Show that the function is an increasing function f(x) = 9x + 2

Method 1: x₁ < x₂ 

⇒ 9x₁ < 9x₂

⇒9x₁ + 2 < 9x₂ + 2

⇒ f(x₁) < f(x₂)

x₁ < x₂  ⇒ f(x₁) < f(x₂)

Thus f(x) = 9x + 2 is an increasing function.

Method 2:

f(x) = 9x + 2

⇒ f’(x) = 9 ⇾ +ve for all values of x ⇾ Function is increasing.

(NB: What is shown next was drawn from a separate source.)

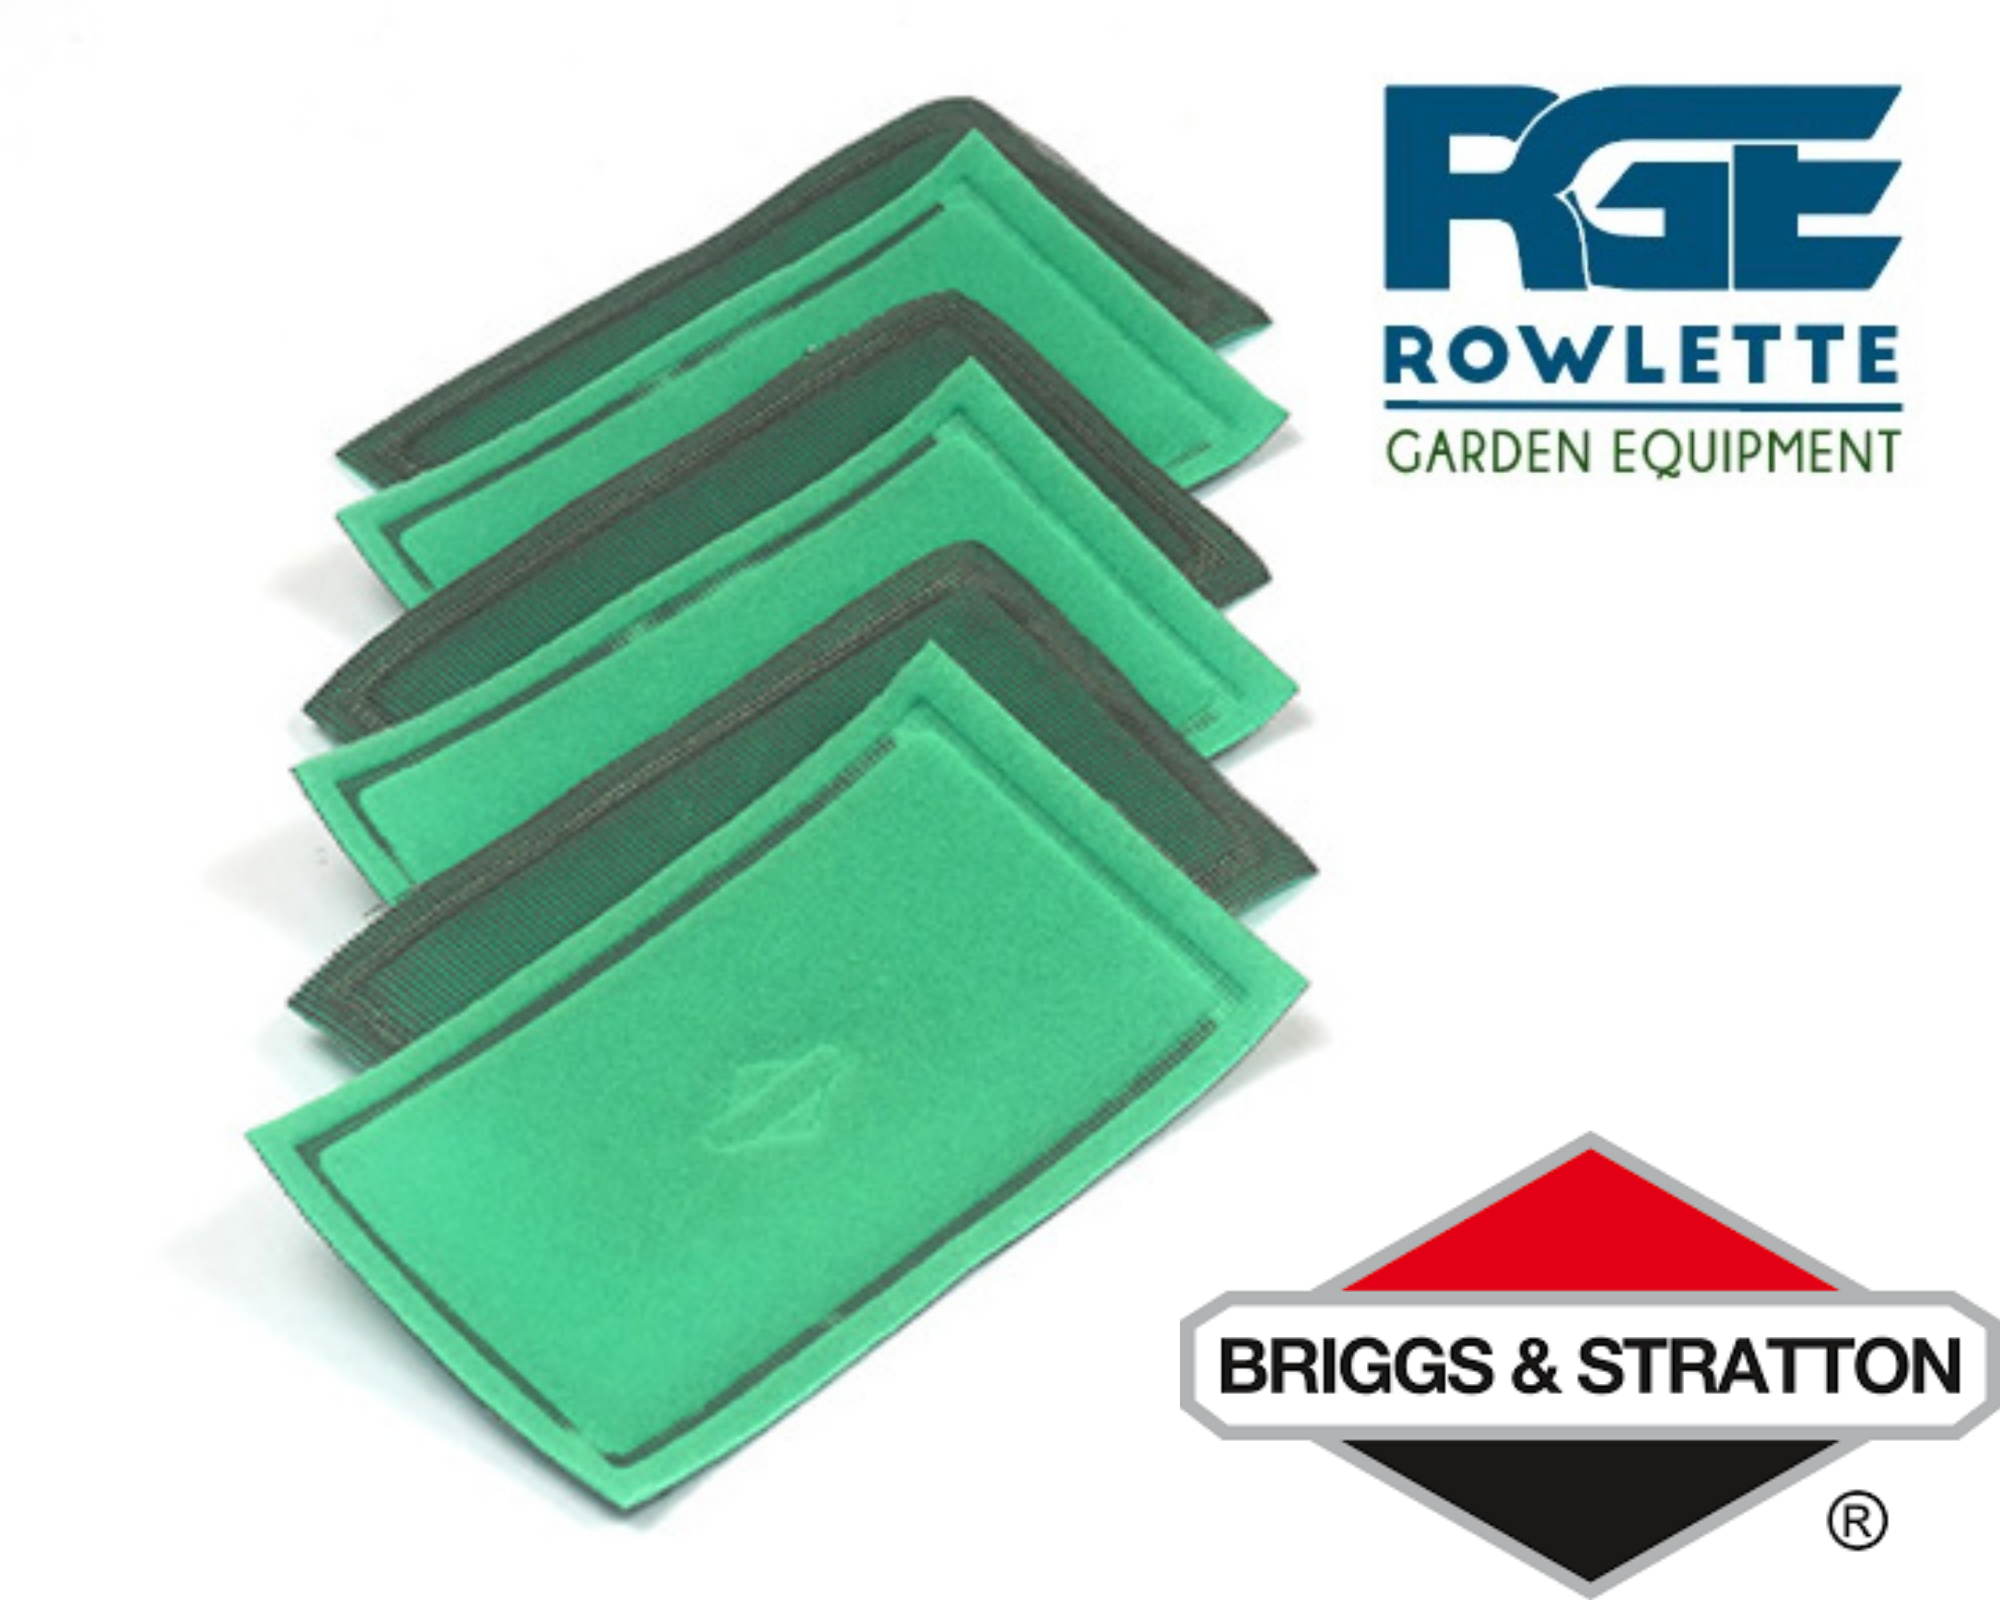 Briggs & Stratton Air Filters 6 Bulk Pack

Function Decreasing at a Point

A function f is said to be decreasing at a point a₀ if there exists an interval ( a₀ – h, a₀ + h ), h > 0 such that x₁ < x₂ ⇒ f(x₁)≥ f (x₂) for all x₁, x₂ ∈ (a₀ -h, a₀ +h).

image 1046

Strictly increasing function 

A function f(x) is said to be strictly decreasing on an interval I, if

x₁ < x₂ ⇒ f(x₁) > f (x₂) for all x₁, x₂ ∈ I

image 1037

Remember: If a function f(x) is continuous on [a,b] and differentiable on (a, b), then f(x) is strictly decreasing in (a, b) if f´(x) < 0 for all x in (a, b).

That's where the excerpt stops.